• Work order
Every line from the one containing "Soja-Lebensmittel und Sojabohnen-Produkte" to the end of the data below should be copied exactly, but pictures should not.

• Data shown
[Start of Attachment]
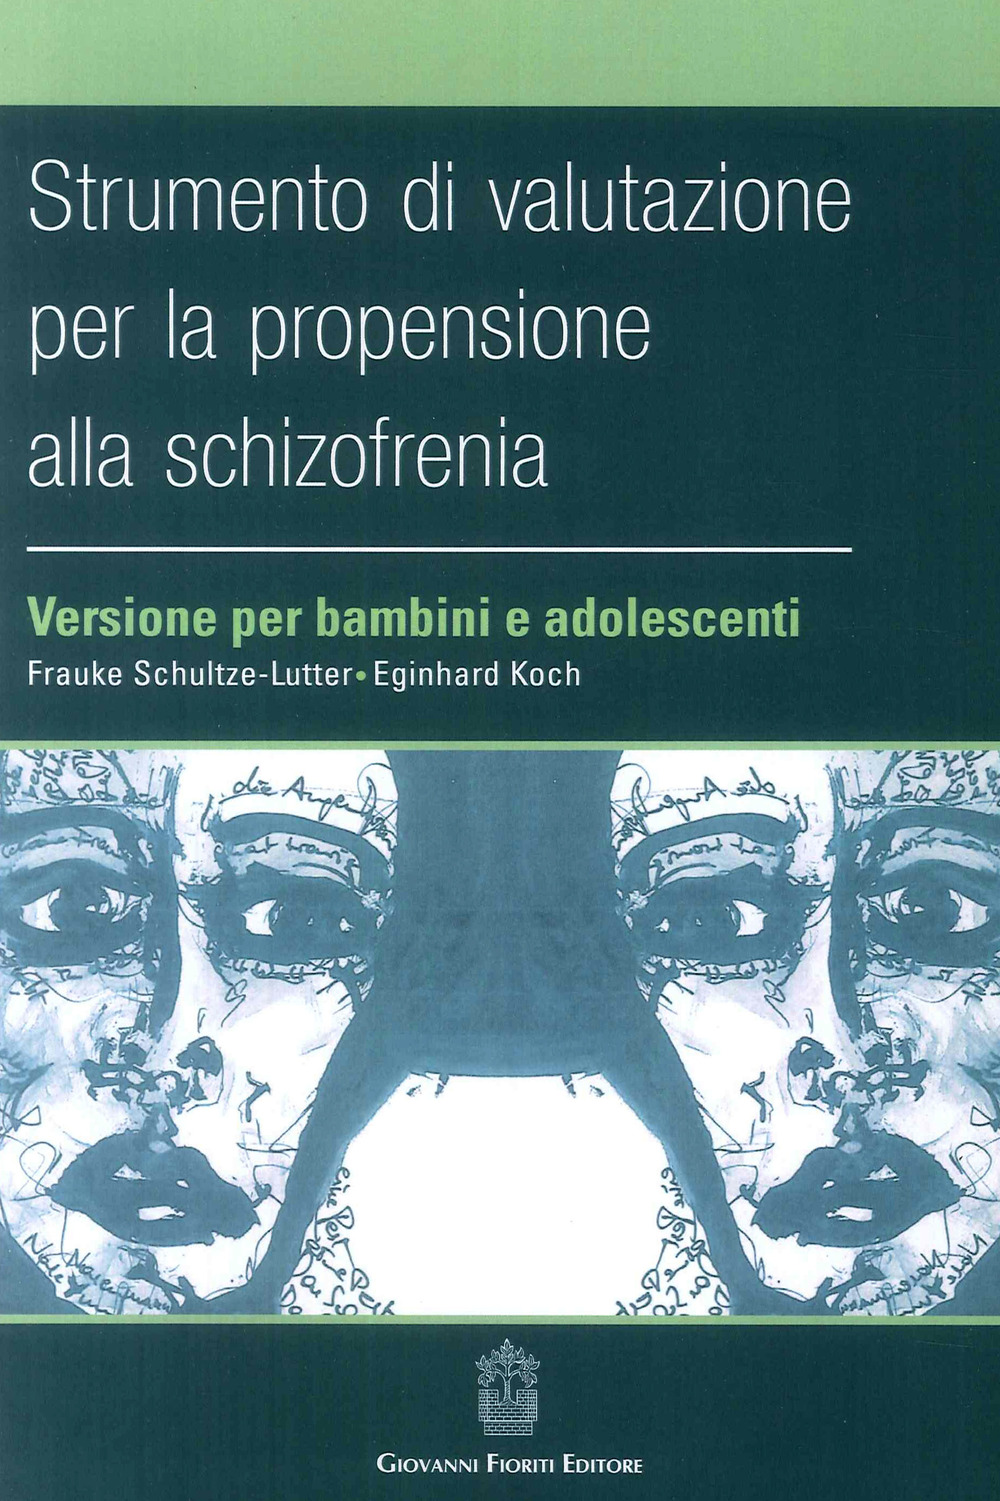 Strumento di valutazione per la propensione alla schizofrenia: versione per bambini e adolescenti
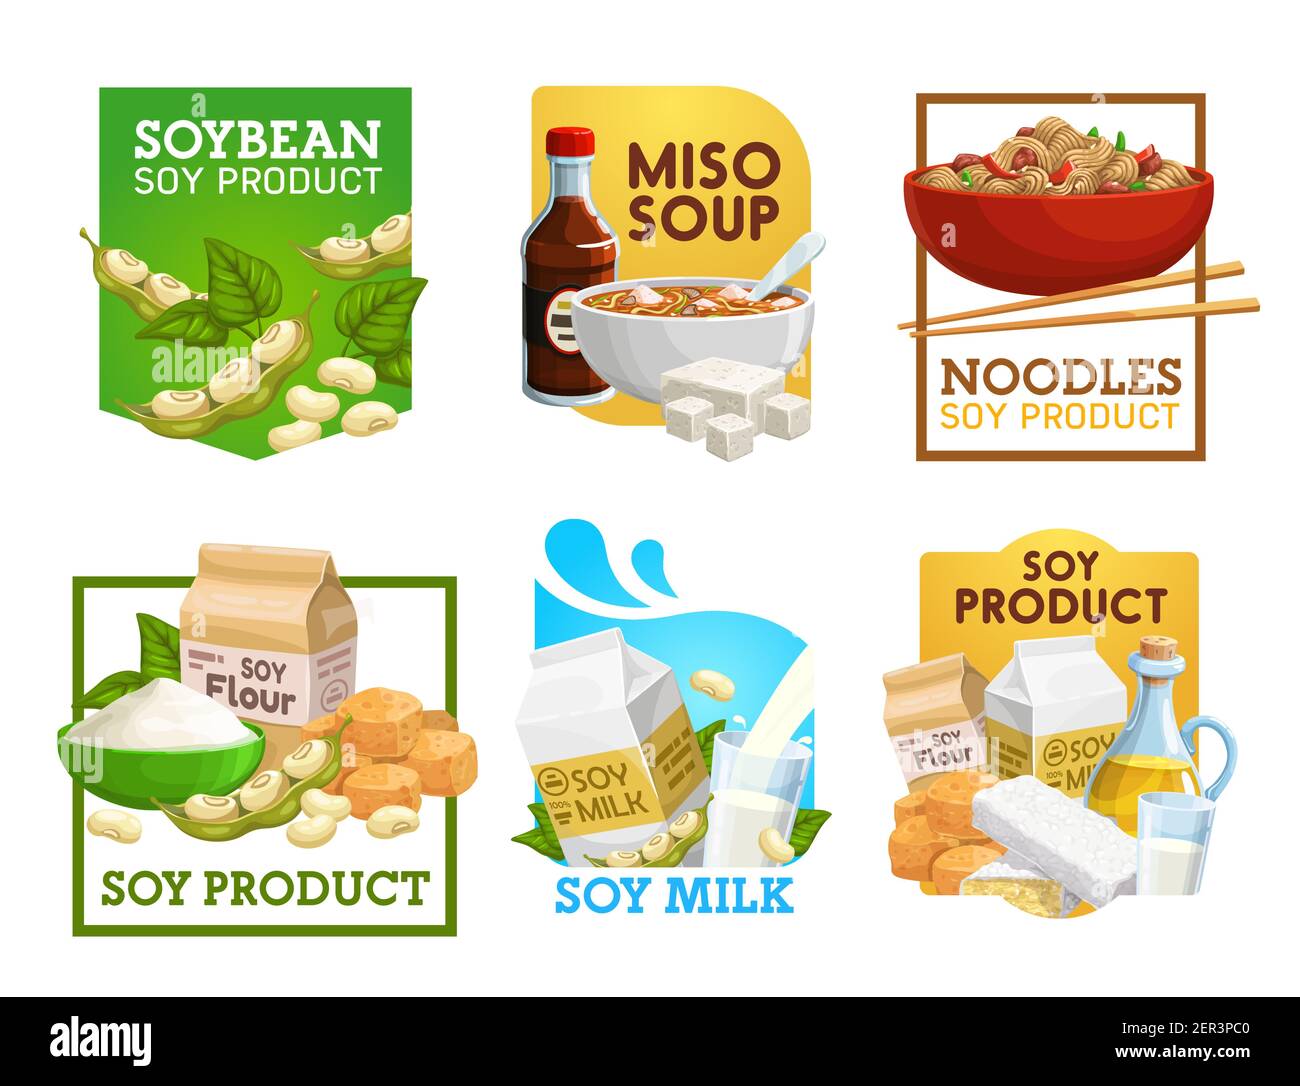 Soja-Lebensmittel und Sojabohnen-Produkte Vektor-Symbole. Misosuppe, Nudeln  und vegetarisches Mehl, Milch, Tempeh und Öl mit Sojasoße. Vegane  Ernährung, Tofu, Soja Stock-Vektorgrafik - Alamy
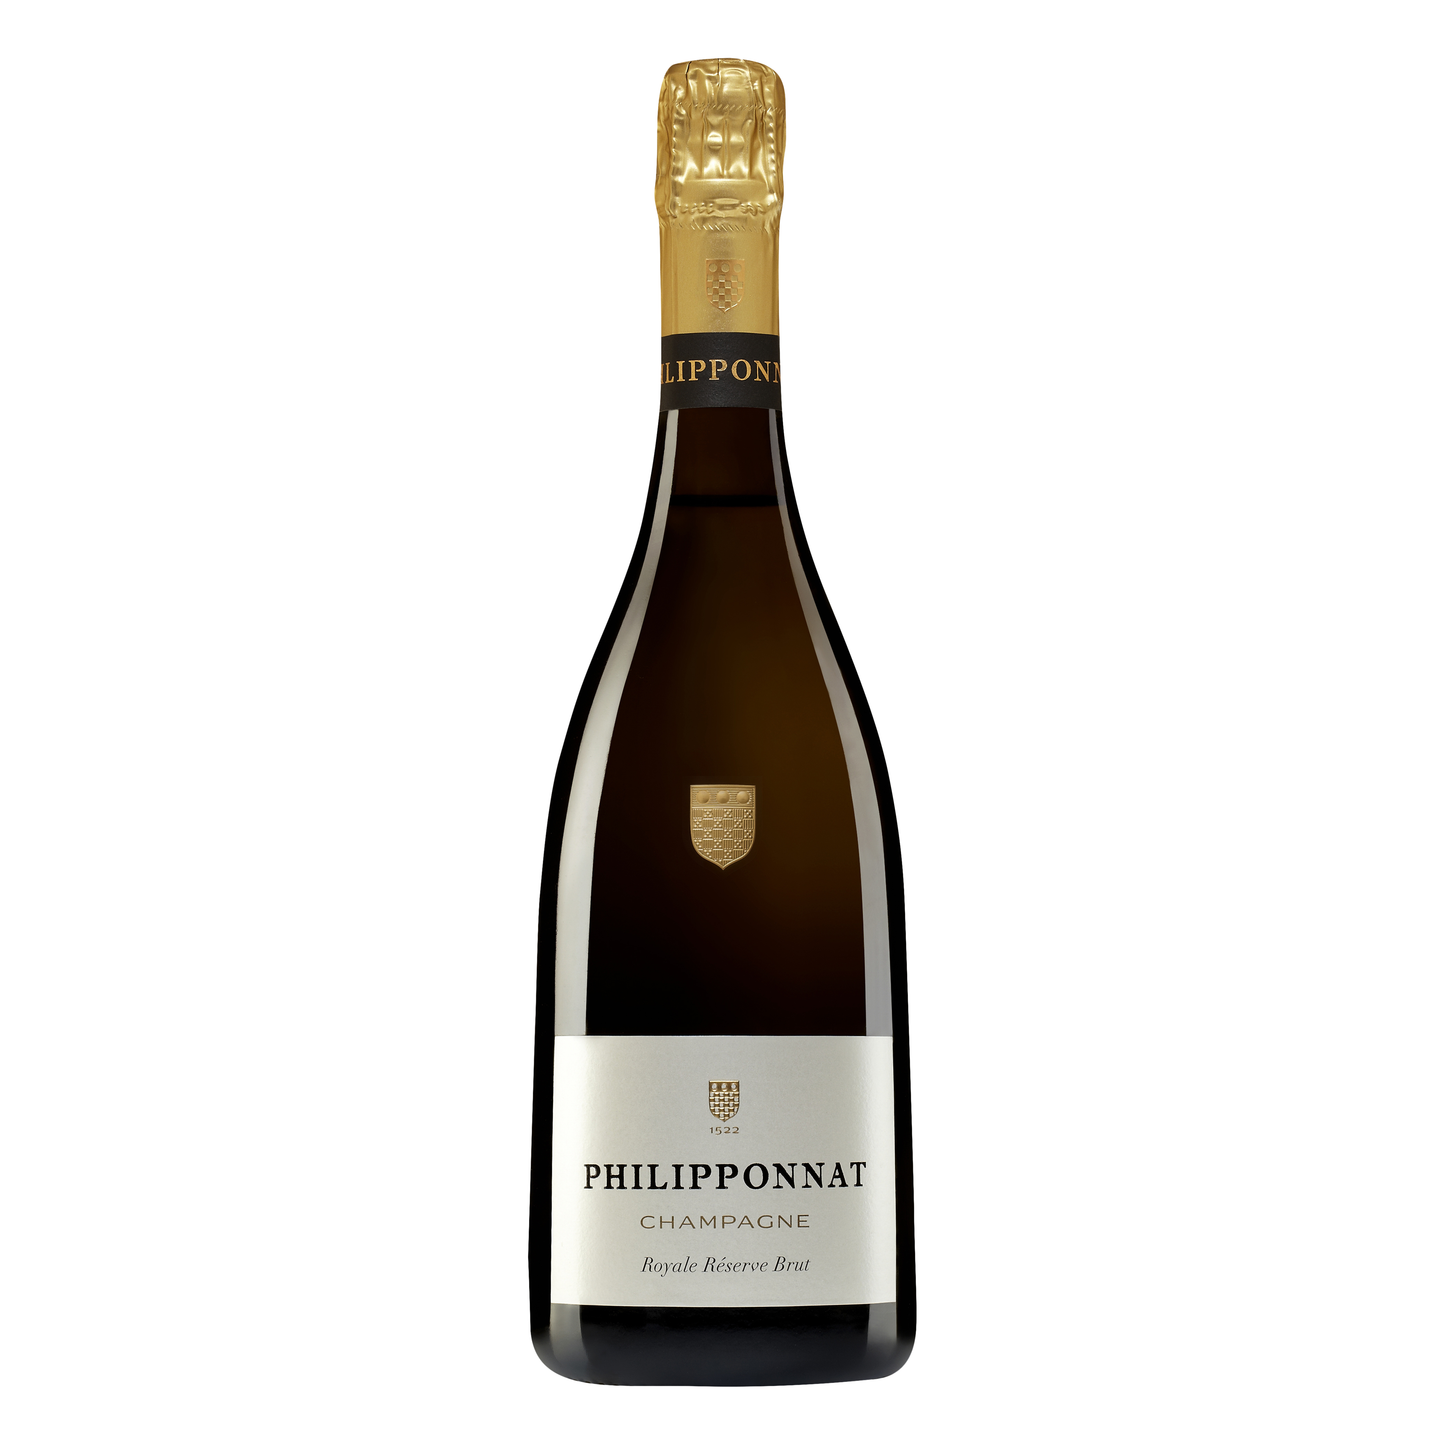 Philipponnat - Champagne Royale Réserve Brut
[End of Attachment]
• Written response
 Soja-Lebensmittel und Sojabohnen-Produkte Vektor-Symbole. Misosuppe, Nudeln  und vegetarisches Mehl, Milch, Tempeh und Öl mit Sojasoße. Vegane  Ernährung, Tofu, Soja Stock-Vektorgrafik - Alamy
 Philipponnat - Champagne Royale Réserve Brut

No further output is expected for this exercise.